Yep, it’s all quite subjective. What I was pointing at is rather: if the code is for your personal use, just make any assumptions you want and live a relaxed and happy life. Otherwise, of course, try to be fully generic. This makes for two very different coding experiences, the first casual, easy but non-scalable and meh; the second intellectually much more challenging and beautiful.

But I also have a healthy awareness of the fact that I am not an expert coder, and (in cases where it provides a performance advantage) I would like to be able to use things like @inbounds with impunity. With an Array , I know what “contract” I am signing and where the edge cases are; with an AbstractArray , I’m not sure I do (yet). And to reiterate, the concern isn’t merely that someone will pass an MyFunnyAbstractArray and get an out-of-bounds error—the concern is that the code will be silently incorrect and/or leak memory.

100% agreed, Array means a whole range of things beyond a specific API. You know what implementation it uses, and this information is very often crucial.

This is the challenge we all face with generic coding to higher or lesser degree, regardless of our expertise, I think: limited information. When we write ::AbstractArray we are usually not fully sure what we’re signing up for.

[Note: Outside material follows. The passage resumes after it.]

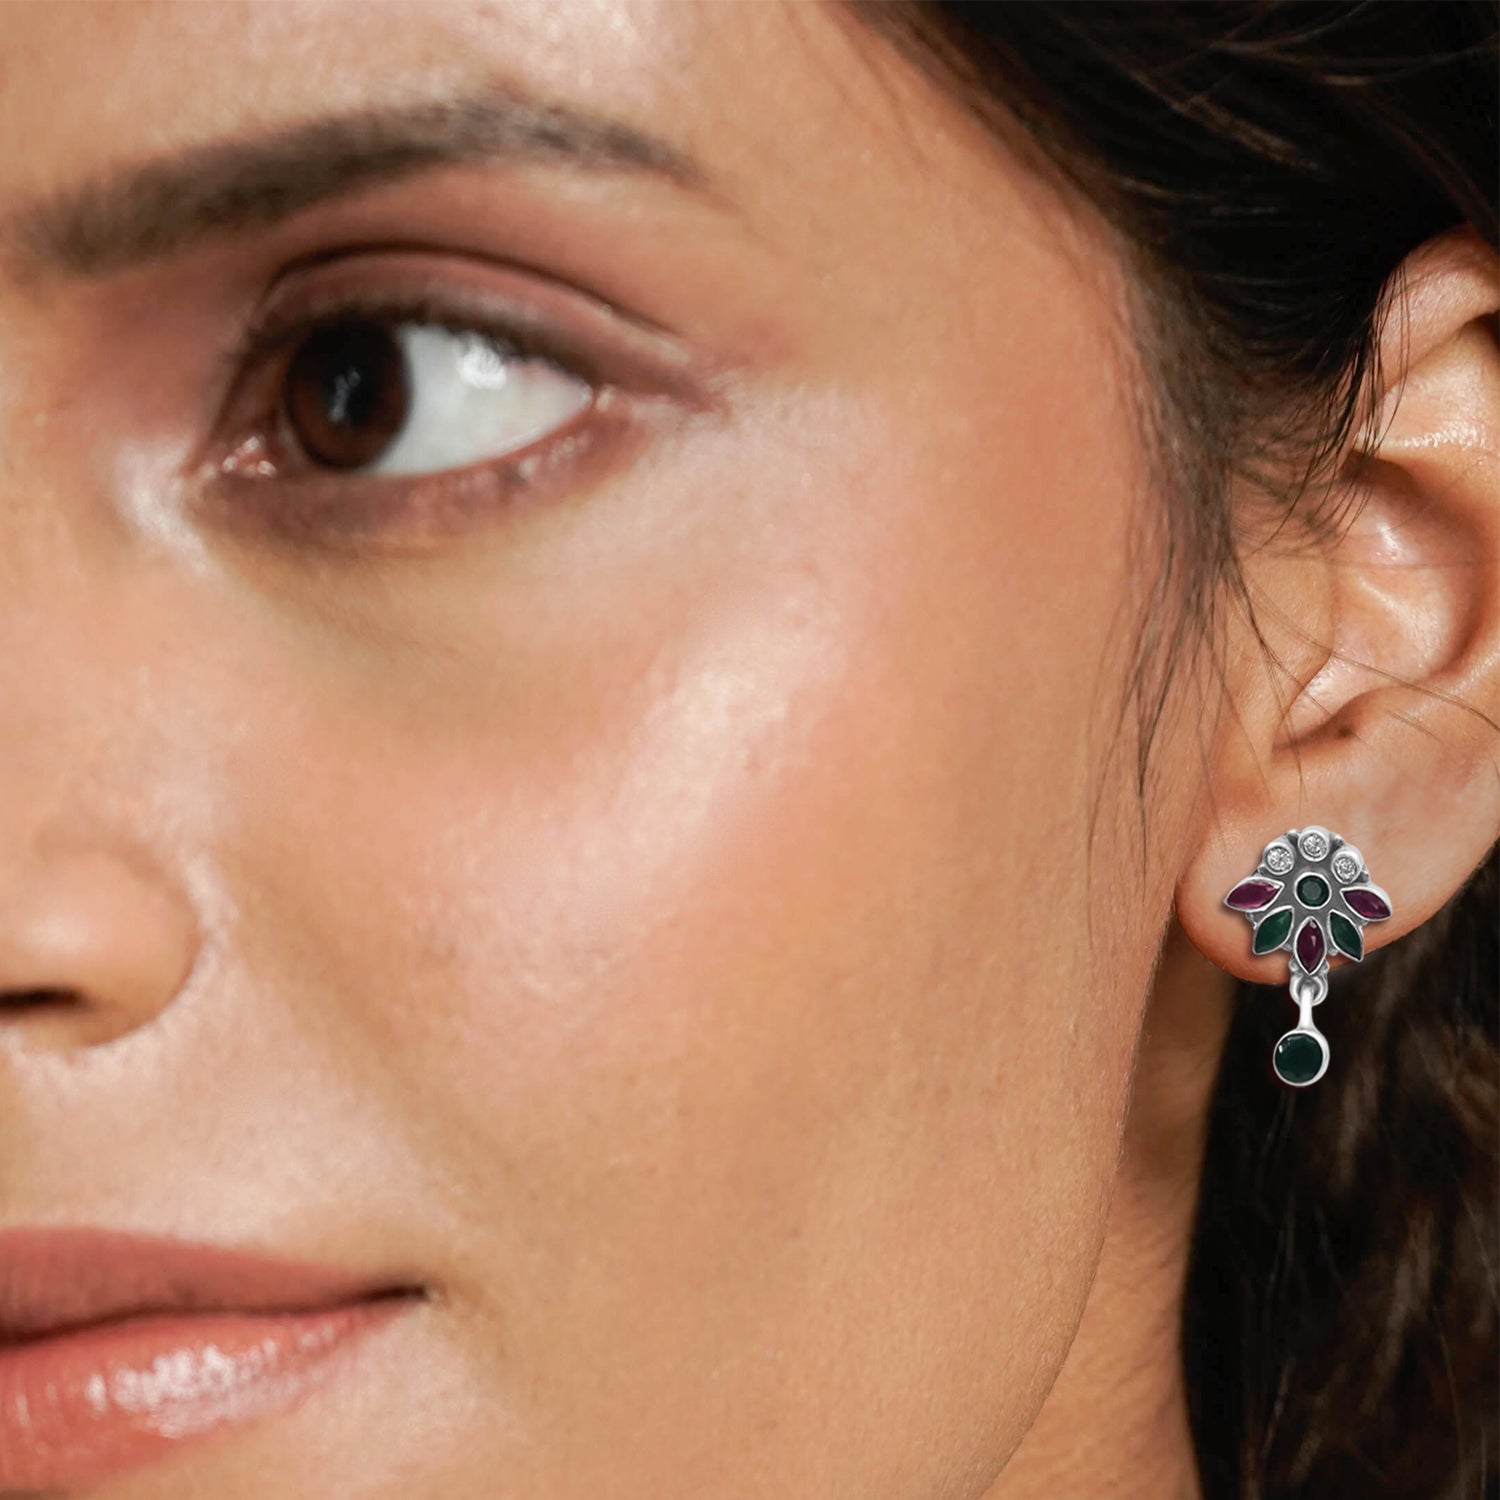 Silver Oxidized Multitone Gemstone Floral Celebration Dangling Earrings

Ok, if you have lots of experience you know the interface by heart, and you know what things you can or cannot do with that variable to have correct code, so your code will likely work quite widely after some tinkering. Invariably, you will need to do tests with a range of unusual inputs to be sure. But one thing I often struggle with when I cannot assume anything about internal implementation is performance. Even if you respect the interface you cannot be sure your implementation will be optimal. For example, if you get a sparse array, you better be careful to avoid setindex!. That can become a huge performance footgun. Even getindex can be much slower than necessary, so you would need to structure your code to take a specialized iteration approach if you happen to have a sparse input. Multiple dispatch is great for this, but this effort takes you into a process of specialization and iteration that often makes your code less and less beautiful and transparent.

So what would Julia 2.0 need to allow us to navigate generic coding with more certainty and aplomb? I’d say we need a way to express the implicit assumptions in our mind about types (regarding API but also performance). So, that means a full-on trait system. But in any case that would still be only part of the solution because you first need to become aware of the assumptions you are making (which is why you seldom see Base.require_one_based_indexing(a) preceding for i in 1:length(a) in the ecosystem).

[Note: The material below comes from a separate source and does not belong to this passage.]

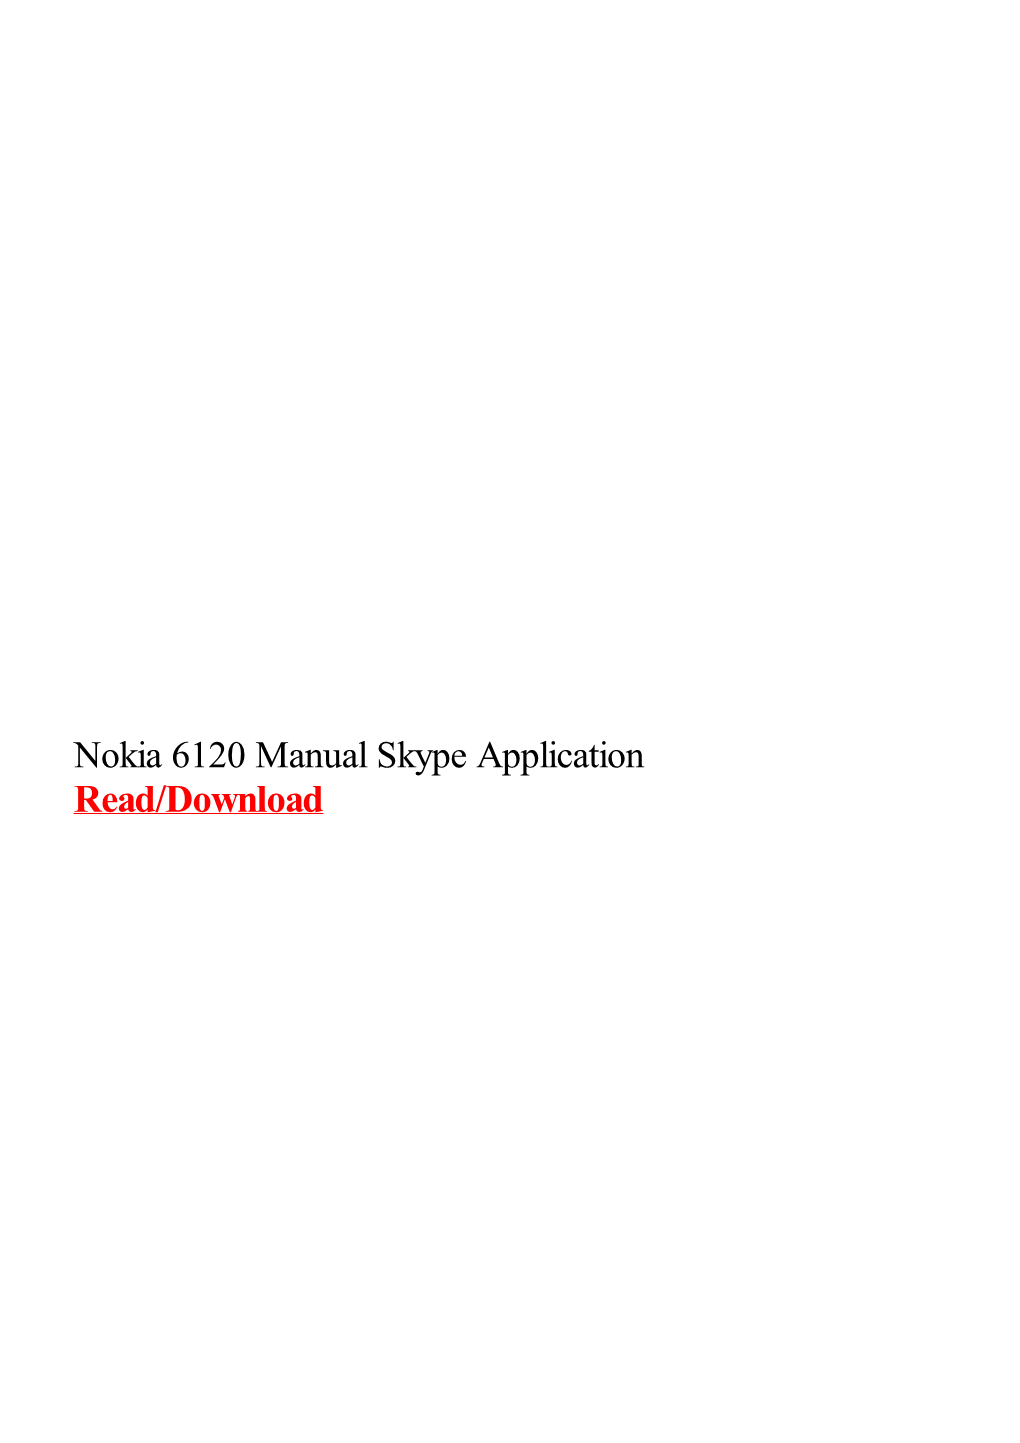 Nokia 6120 Manual Skype Application

I think that the blame of the underlying issue is more on this sentiment (which I assume is shared by many people) than on array types with unusual indices. There is a reason why Julia does bounds checks by default. I think that one should always feel that using @inbounds is entering danger zone.

This sounds really useful. Would it be possible to extend this idea, to provide a one-based integer indexing view into any AbstractArray? Could such support be part of the AbstractArray contract?

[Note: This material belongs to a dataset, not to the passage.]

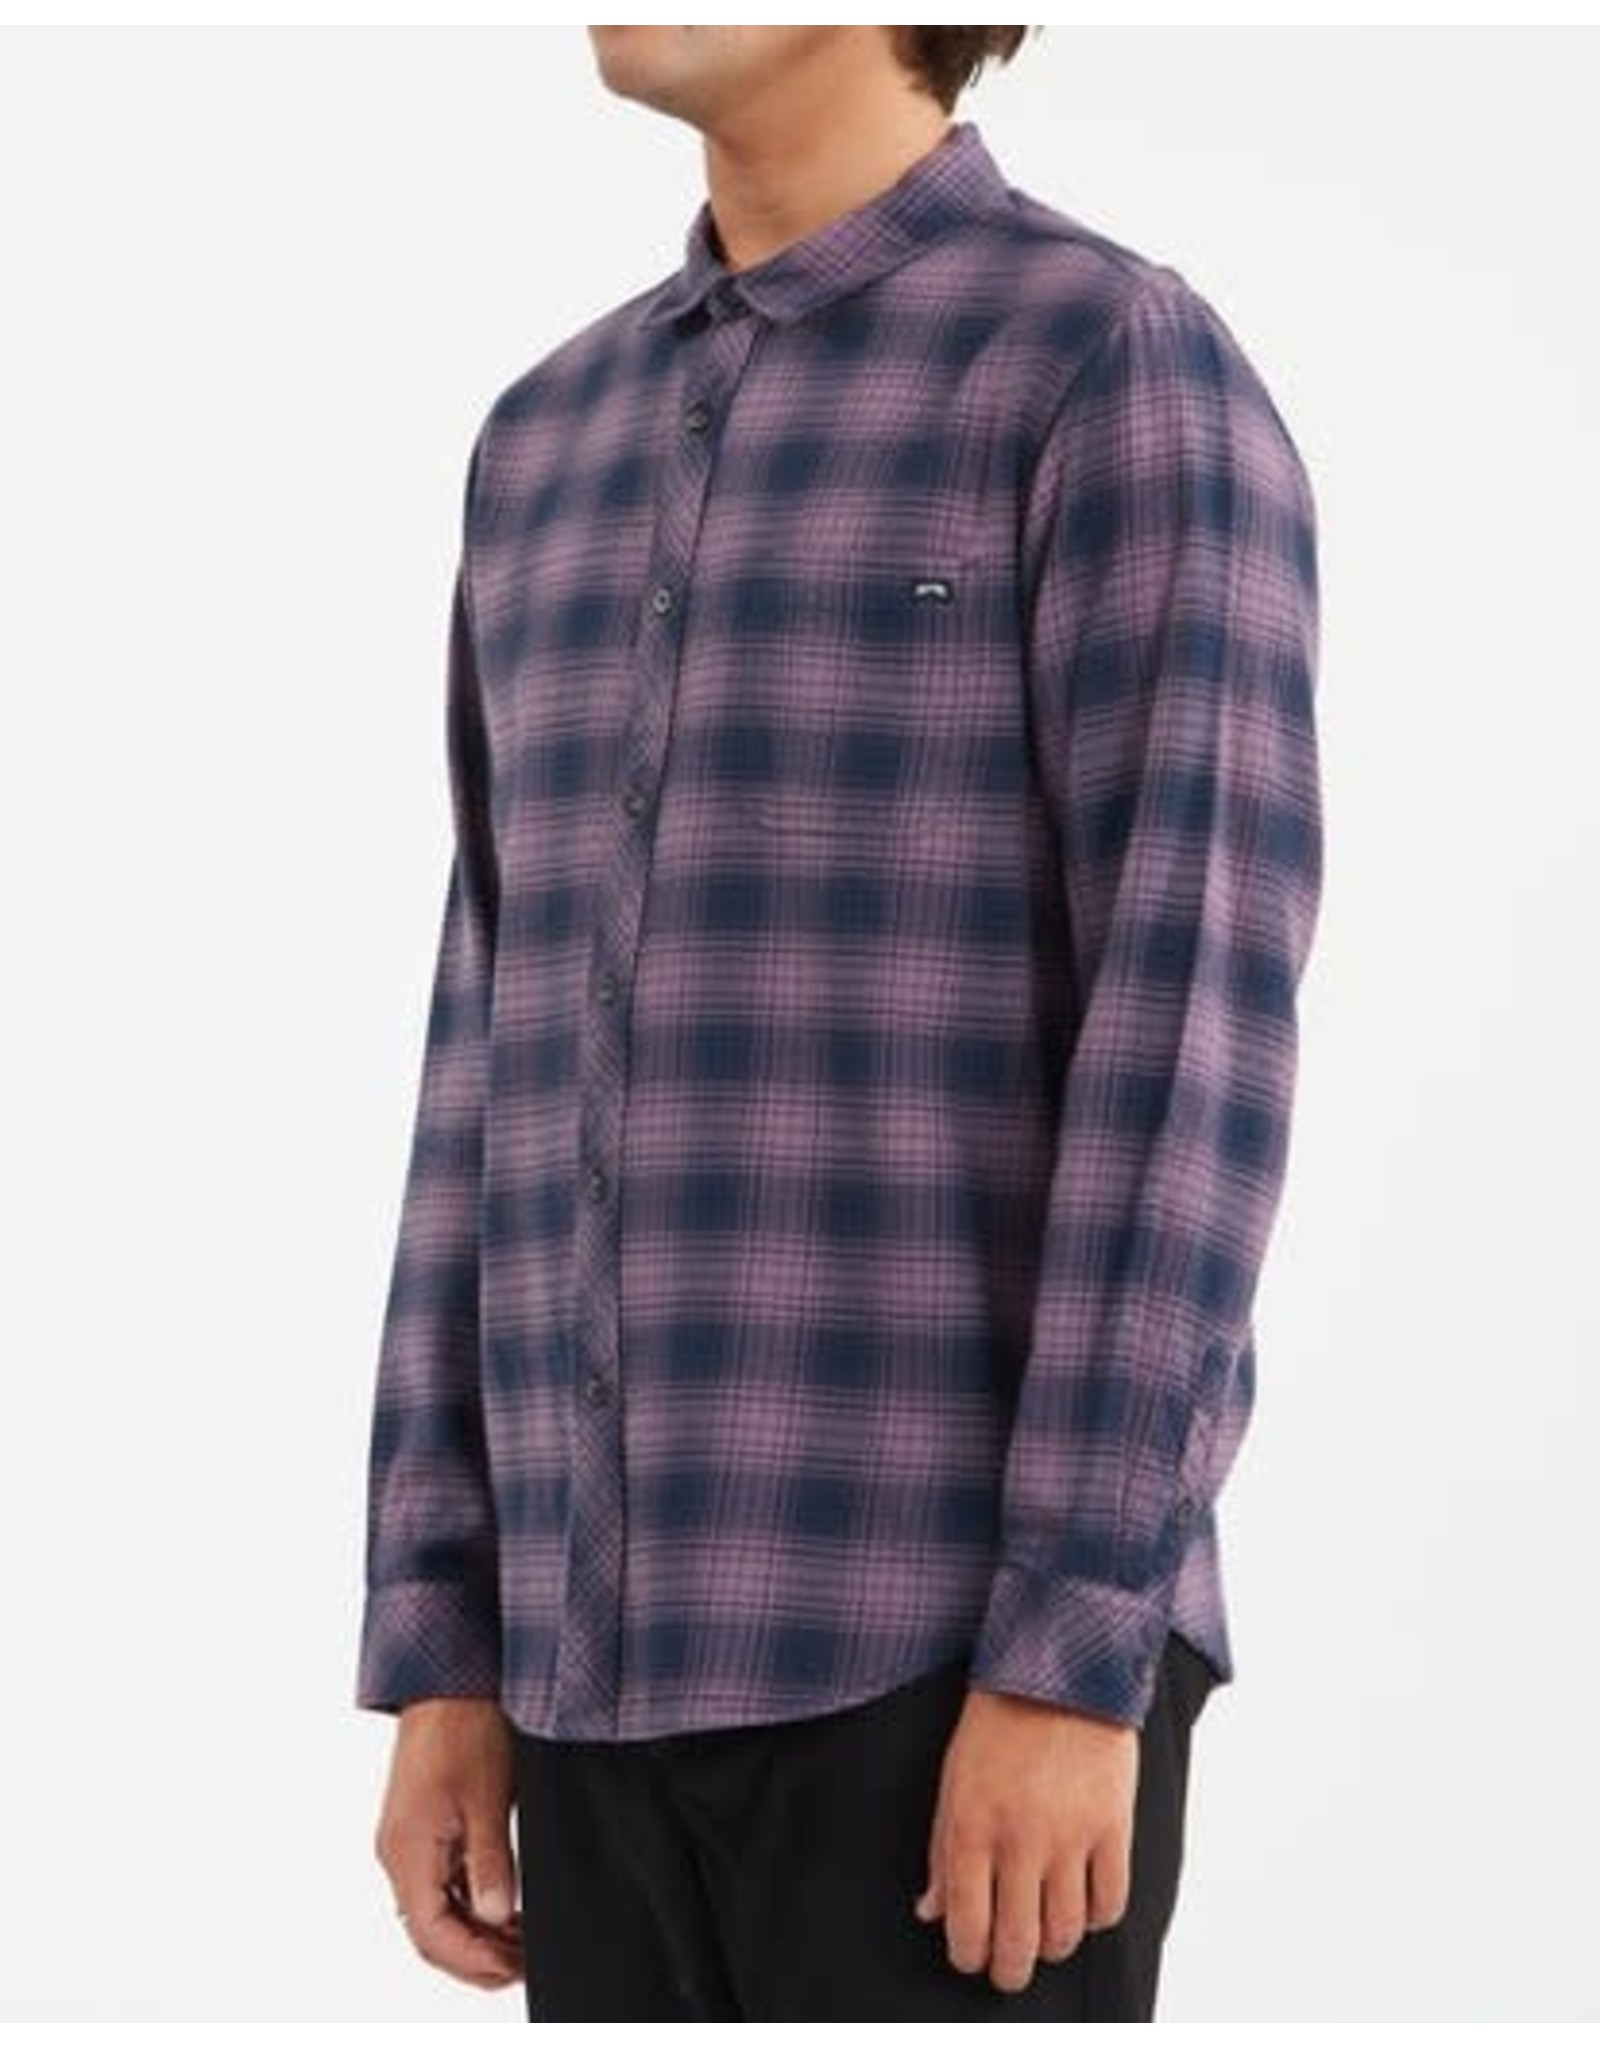 BILLABONG Coastline Flannel Shirt PURPLE HAZE (phz)

no_offset_view should work with any AbstractArray

Another way to construct a 1-indexed view is by casting the axes of an OffsetArray to UnitRanges. This doesn’t need you to import OffsetArrays :

julia> A = OffsetArray([1,2,3], 1)
3-element OffsetArray(::Vector{Int64}, 2:4) with eltype Int64 with indices 2:4:
 1
 2
 3

julia> B = view(A, UnitRange.(axes(A))...)
3-element view(OffsetArray(::Vector{Int64}, 2:4), 2:4) with eltype Int64:
 1
 2
 3

julia> axes(A)
(OffsetArrays.IdOffsetRange(values=2:4, indices=2:4),)

julia> axes(B)
(Base.OneTo(3),)

This should work with any AbstractArray type as well. The advantage of no_offset_view is that it may unwrap the AbstractArray type if it recognizes that the parent is 1-indexed, whereas view will necessarily add an extra wrapper layer. However, both of these should lead to 1-based indices.

Or I think that would be Base.Iterators.take(eachindex(x), length(x)-1)?